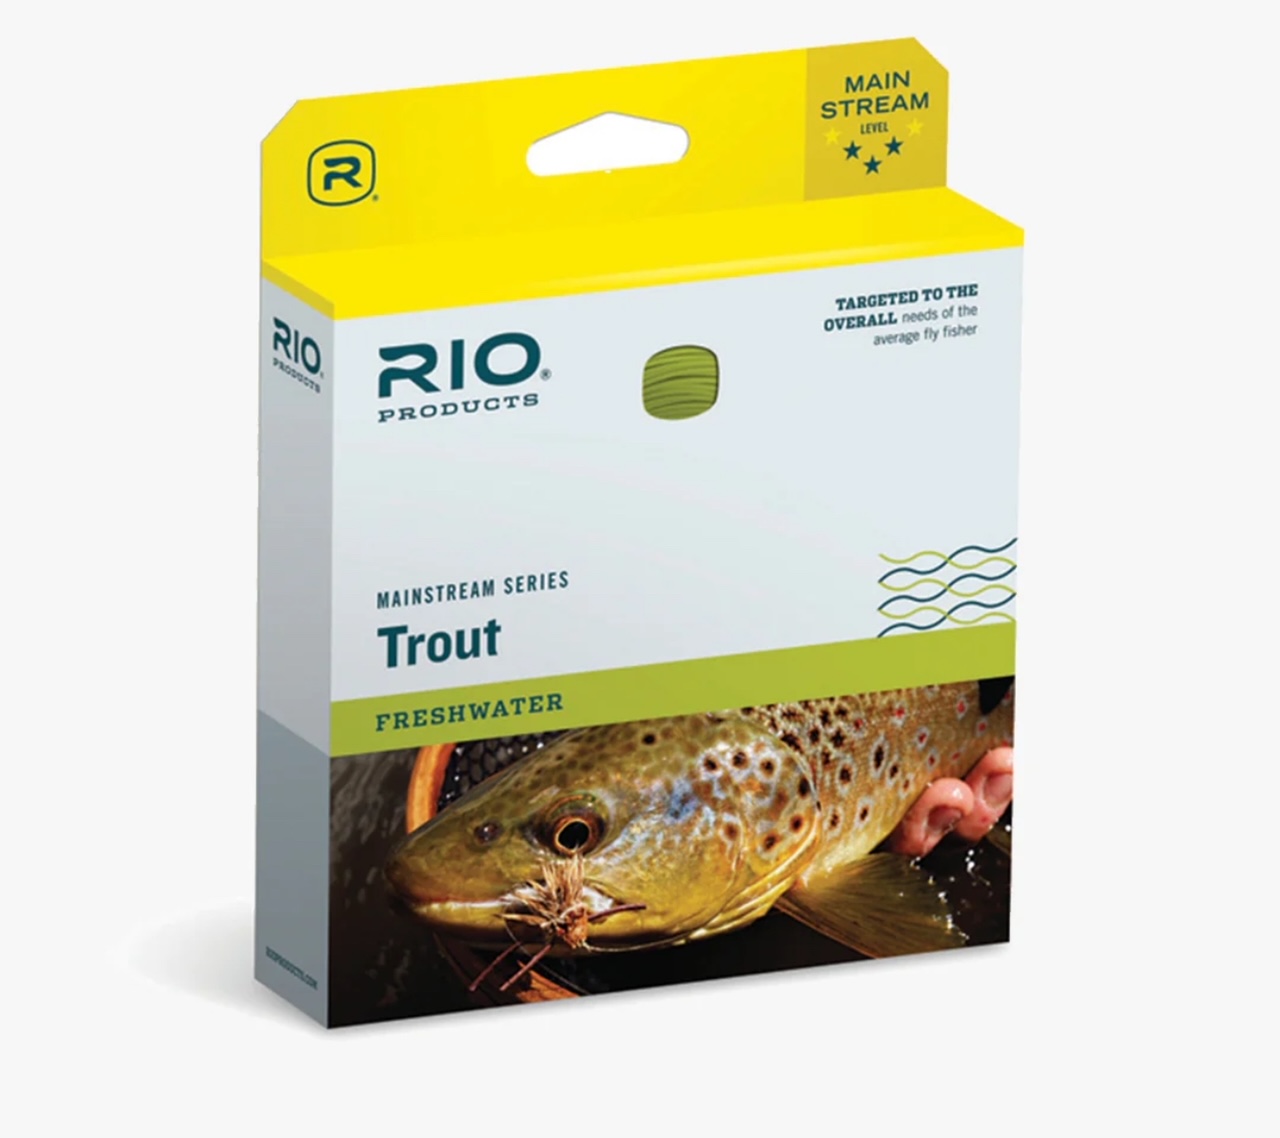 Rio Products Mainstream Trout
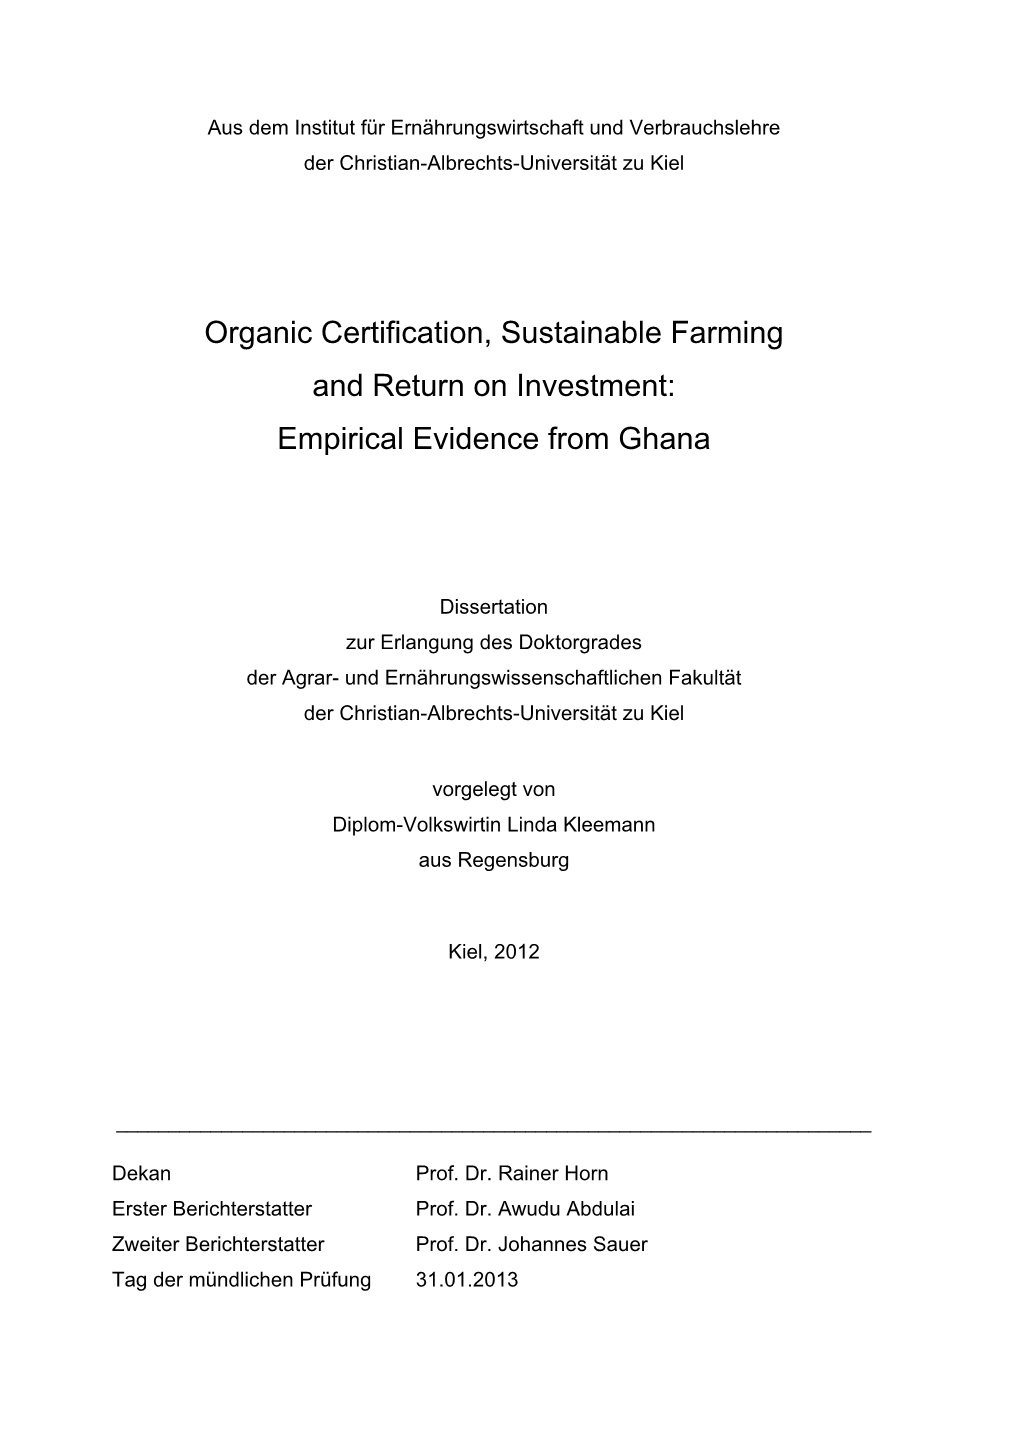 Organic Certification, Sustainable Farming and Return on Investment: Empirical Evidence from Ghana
---
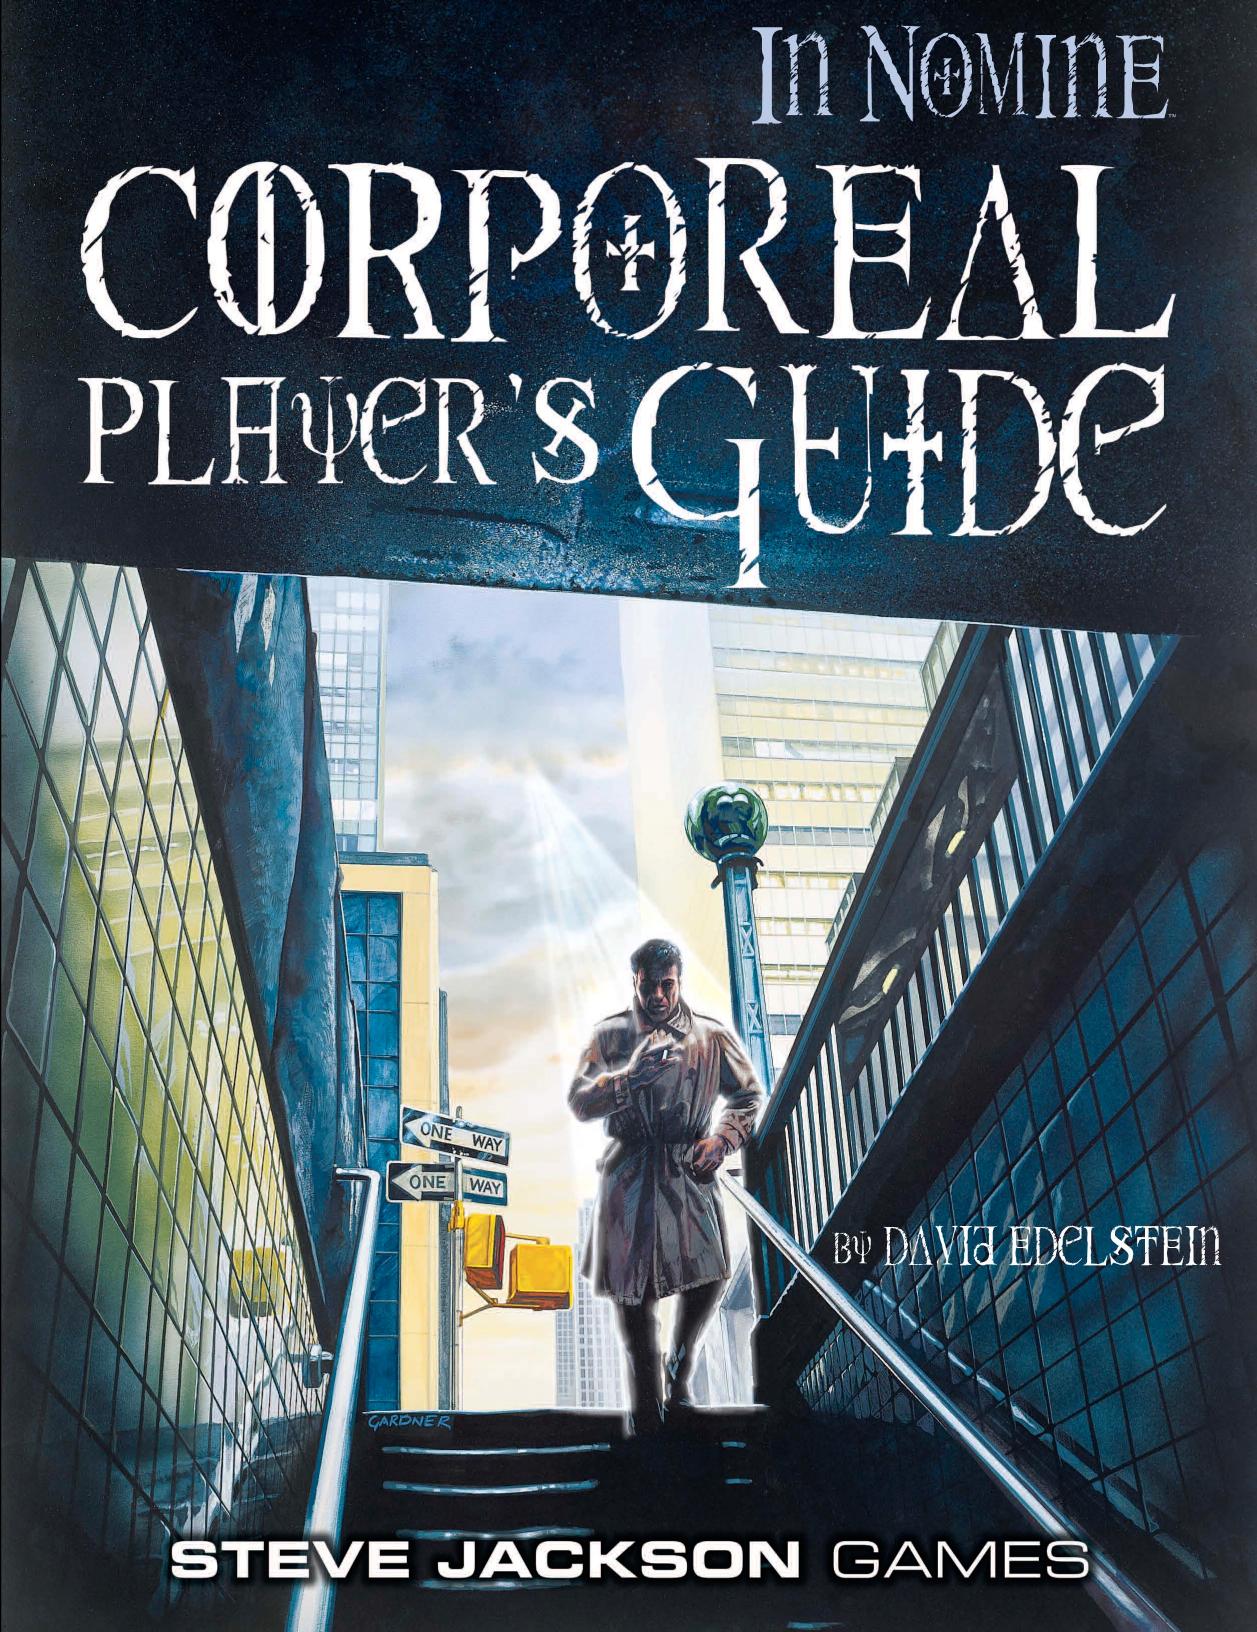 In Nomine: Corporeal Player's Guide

Required action :: In the records above, find the line with "Rio Products Mainstream Trout" and the line with "Organic Certification, Sustainable". Write out exactly those lines and every one between, with no pictures and no other lines.

Response for this exercise ::
 Rio Products Mainstream Trout
 Organic Certification, Sustainable Farming and Return on Investment: Empirical Evidence from Ghana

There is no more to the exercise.